任务超时被kill。大数据平台资源有限，不可能让用户的查询SQL无限期执行下去。任务查杀规则综合考虑3方面因素（查询数据量 + 执行时间 + 完成度）：

impala cdh yarn查询进程_hive_02

针对数据块这一问题，非常不建议使用select *，而列出具体的查询字段，另外加上limit 10000字句限制条数。

SQLException: Sender timed out waiting for receiver fragment instance: , dest node: 66

具体的报错信息如下：

java.sql.SQLException: Sender timed out waiting for receiver fragment instance: 394c696029ddcce6:a51b7cab000007cc, dest node: 66
	at org.apache.hive.jdbc.HiveStatement.waitForOperationToComplete(HiveStatement.java:381)
	at org.apache.hive.jdbc.HiveStatement.execute(HiveStatement.java:260)
	at org.apache.hive.jdbc.HiveStatement.executeQuery(HiveStatement.java:473)
	at com.alibaba.druid.pool.DruidPooledStatement.executeQuery(DruidPooledStatement.java:308)

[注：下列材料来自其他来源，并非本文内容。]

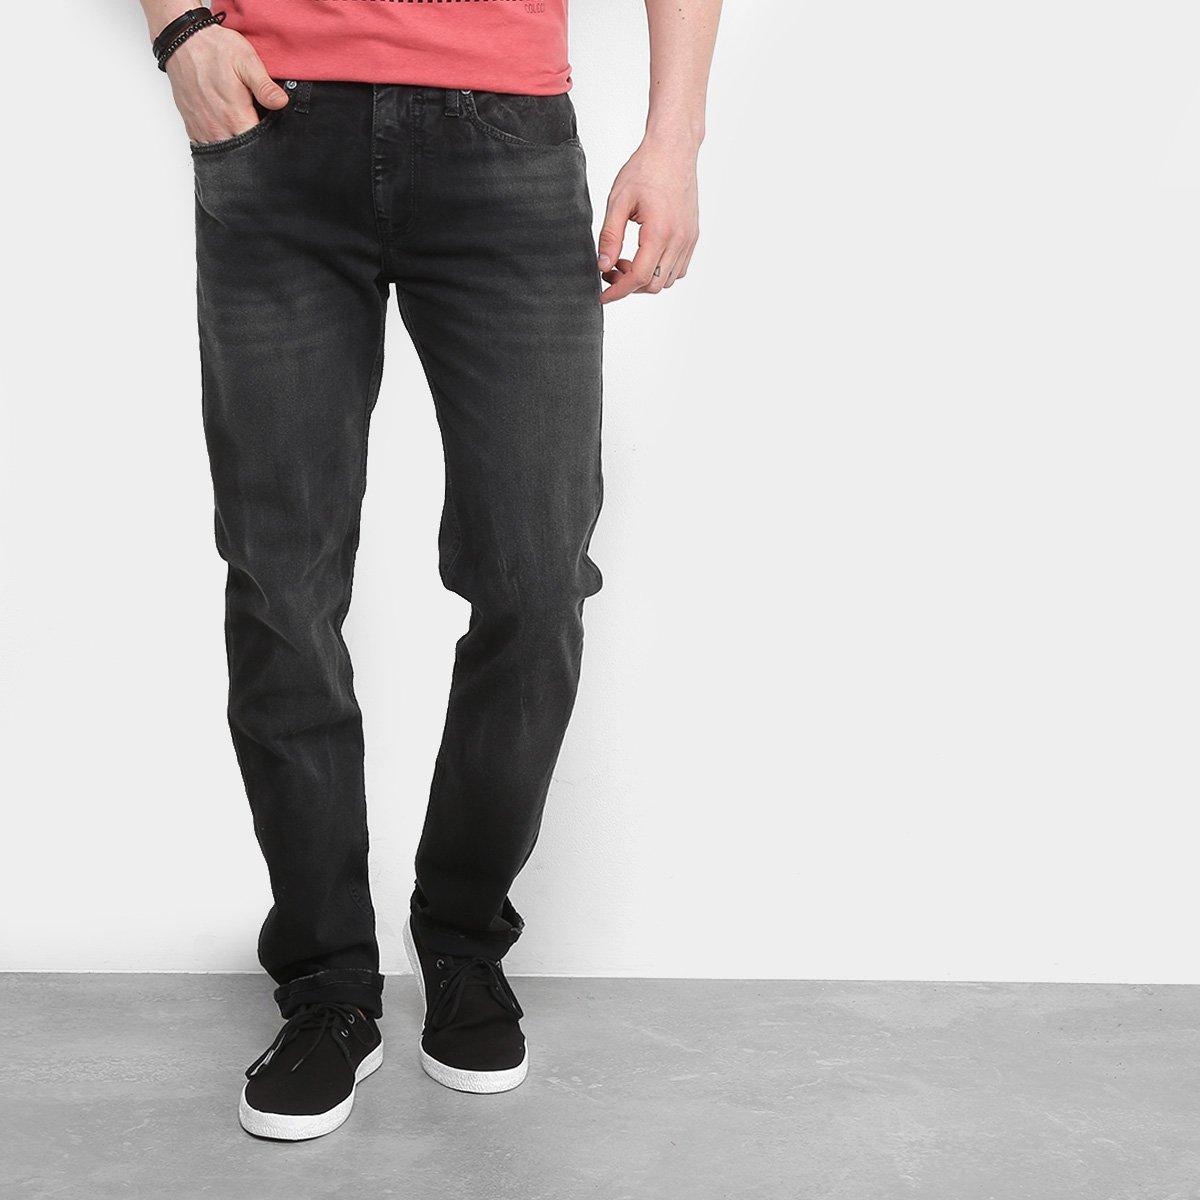 280a62d11 Calça Jeans Colcci Masculina | Opte+

有时候重试成功，有时候失败。登录到Hadoop集群机器里，查看任务调度执行日志：

impala cdh yarn查询进程_apache_03

发现这个SQL，居然要全表扫描一张1.2W+分区，扫描20.1TB数据。

解决方法：重试，优化SQL。貌似没有更好的方法。

Failed to open HDFS file.No such file or directory.Root cause: RemoteException: File does not exist:

任务执行失败，具体的报错信息如下：

java.sql.SQLException: Disk I/O error: Failed to open HDFS file hdfs://ppdhdpha/user/hive/warehouse/test.db/chengzhangquanyi_huolizhiguoqi_chuda/2c43254ab60211d3-cf0e47d200000235_298950249_data.0.
Error(2): No such file or directory
Root cause: RemoteException: File does not exist: /user/hive/warehouse/test.db/chengzhangquanyi_huolizhiguoqi_chuda/2c43254ab60211d3-cf0e47d200000235_298950249_data.0.
        at org.apache.hadoop.hdfs.server.namenode.INodeFile.valueOf(INodeFile.java:85)
        at org.apache.hadoop.hdfs.server.namenode.INodeFile.valueOf(INodeFile.java:75)
        at org.apache.hadoop.hdfs.server.namenode.FSDirStatAndListingOp.getBlockLocations(FSDirStatAndListingOp.java:152)
        at org.apache.hadoop.hdfs.server.namenode.FSNamesystem.getBlockLocations(FSNamesystem.java:1909)
        at org.apache.hadoop.hdfs.server.namenode.NameNodeRpcServer.getBlockLocations(NameNodeRpcServer.java:735)
        at org.apache.hadoop.hdfs.protocolPB.ClientNamenodeProtocolServerSideTranslatorPB.getBlockLocations(ClientNamenodeProtocolServerSideTranslatorPB.java:415)
        at org.apache.hadoop.hdfs.protocol.proto.ClientNamenodeProtocolProtos$ClientNamenodeProtocol$2.callBlockingMethod(ClientNamenodeProtocolProtos.java)
        at org.apache.hadoop.ipc.ProtobufRpcEngine$Server$ProtoBufRpcInvoker.call(ProtobufRpcEngine.java:523)
        at org.apache.hadoop.ipc.RPC$Server.call(RPC.java:991)
        at org.apache.hadoop.ipc.Server$RpcCall.run(Server.java:869)
        at org.apache.hadoop.ipc.Server$RpcCall.run(Server.java:815)
        at java.security.AccessController.doPrivileged(Native Method)
        at javax.security.auth.Subject.doAs(Subject.java:422)
        at org.apache.hadoop.security.UserGroupInformation.doAs(UserGroupInformation.java:1875)
        at org.apache.hadoop.ipc.Server$Handler.run(Server.java:2675)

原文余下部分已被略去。